Associated Press/Keith Srakocic
Steubenville High School football players Trenton Mays, 17, and Ma’lik Richmond,16, are accused of driving the girl from party to party one night in August and "treating her like a toy."
The Steubenville rape trial that began Wednesday has captured national attention because of the flurry of social media posts that followed the alleged assault — including a picture of the alleged victim being held by her hands and legs.
During the trial, prosecutors will have to show the girl was too drunk to consent to having sex, and some witnesses have testified she was visibly very intoxicated that night.
At one point, the 16-year-old sat topless in the street next to a pool of her own vomit, a witness testified, according to The New York Times.
The 16-year-old was the drunkest person in the room at one of the parties, that same witness testified. Late in the night, that witness was shown a picture of the alleged victim on her hands and knees while Mays stood beside her and touched her buttocks, the witness testified, according to The Times.
Mays and Richmond are accused of raping the girl with their fingers. Mays also allegedly tried to force his penis into her mouth and later masturbated on top of her, ABC News reported.
Pictures that circulated online show "further degradation," prosecutor Marianne Hemmeter said in court Wednesday, according to ABC News. One picture that made the rounds online showed her on her side with what looked like semen on her stomach, Hemmeter said.
The day after the alleged assault, the accuser wasn't sure exactly what happened to her. Hemmeter said she'd present evidence pieced together from various online postings that an assault occurred, Reuters reported.

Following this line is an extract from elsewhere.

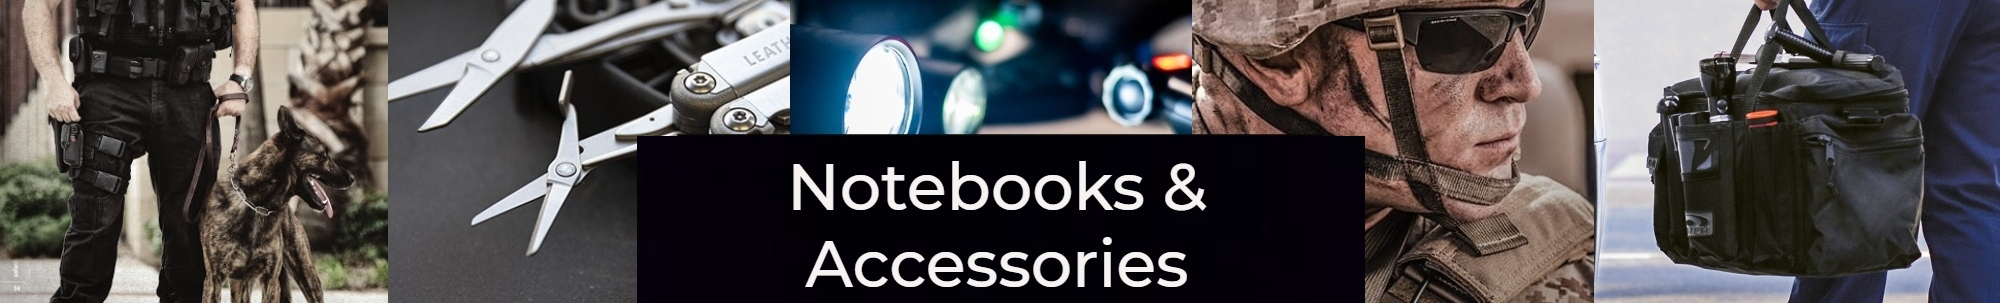 Equipment-notebooks.jpg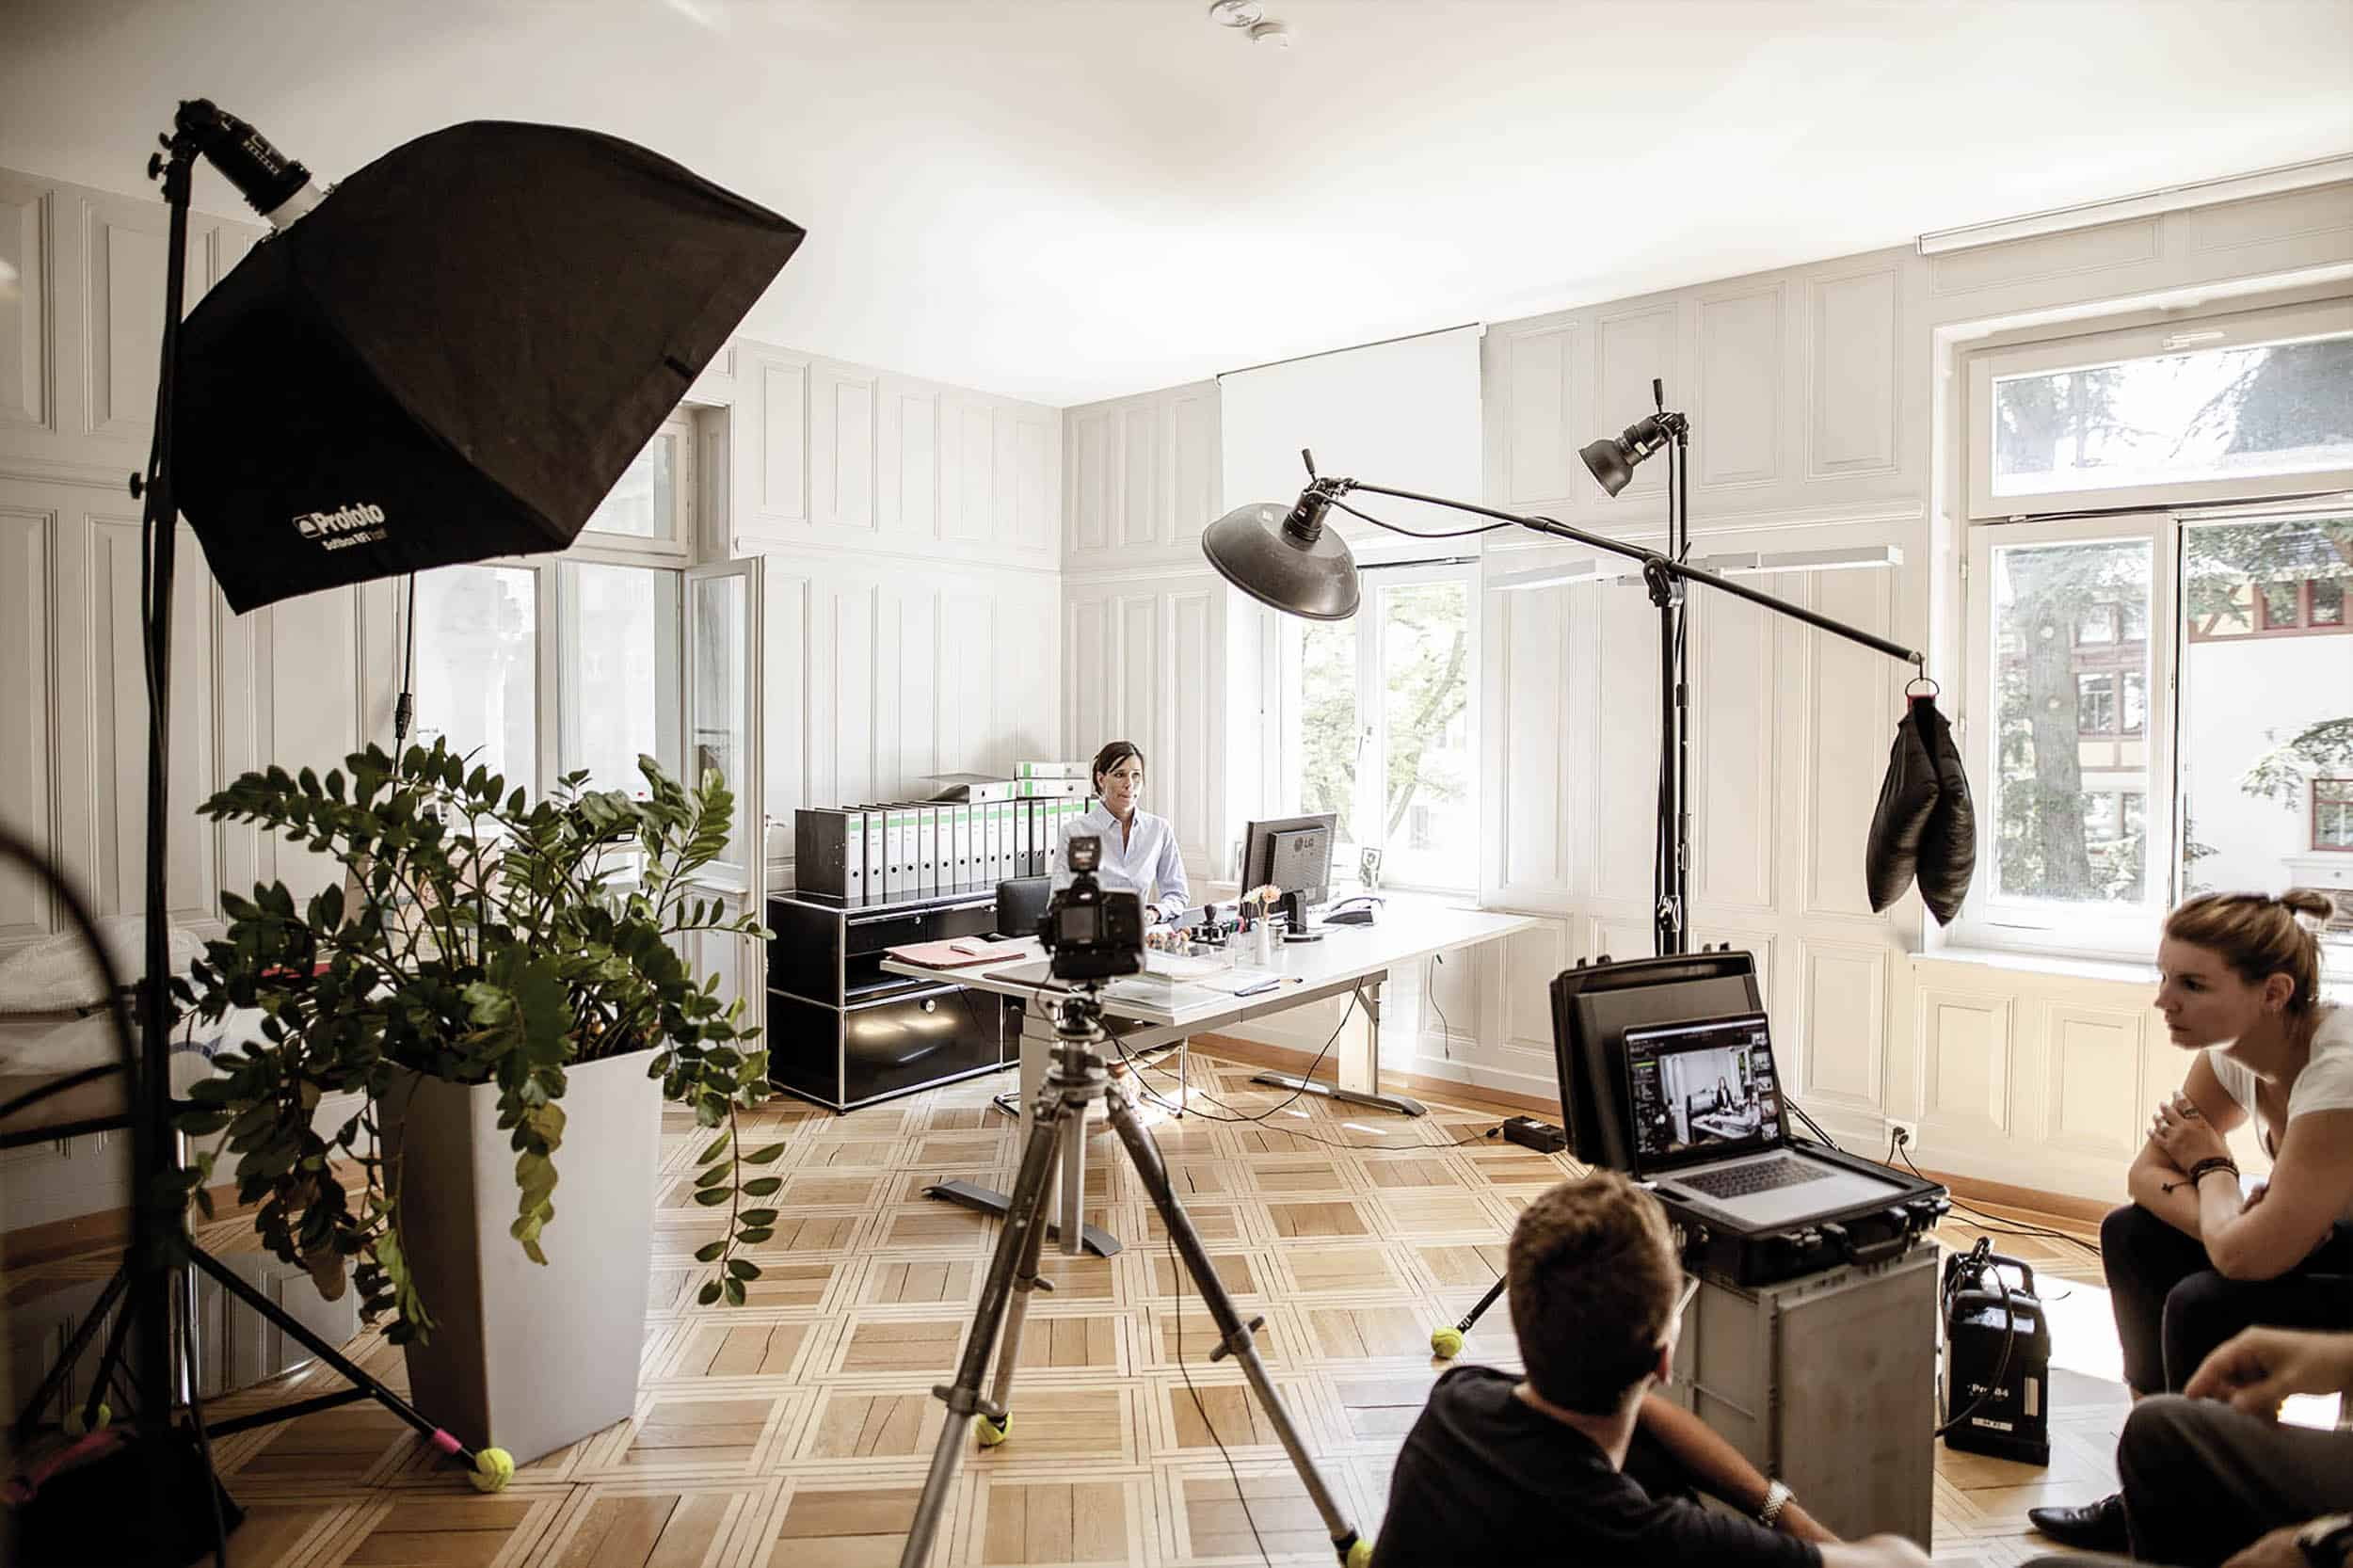 studio-ignatov-sbb-b2b-travel-main-ch-imagekampagne-makingof-13

"You will have to piece it together much in the way (the victim) had to piece it together," she told a judge, according to Reuters.
The defense team acknowledges the girl was drunk but argues she was still able to make decisions for herself that night, The New York Times has reported.
Defense lawyer Walter Madison also said the alleged victim rejected her friend's offer to bring her to a different party where she had friends.
“Does that sound like a person who has no idea what’s going on?” Madison said in court, according to The Times.
The pictures and online postings from the alleged assault have cast a harsh spotlight on a struggling Rust Belt town of 18,000 that glorifies its "Big Red" football team.
Only two football players have been prosecuted. But eye witness reports and social media postings suggest other football players may have taken part in the alleged assault — or stood idly by while they watched it unfold.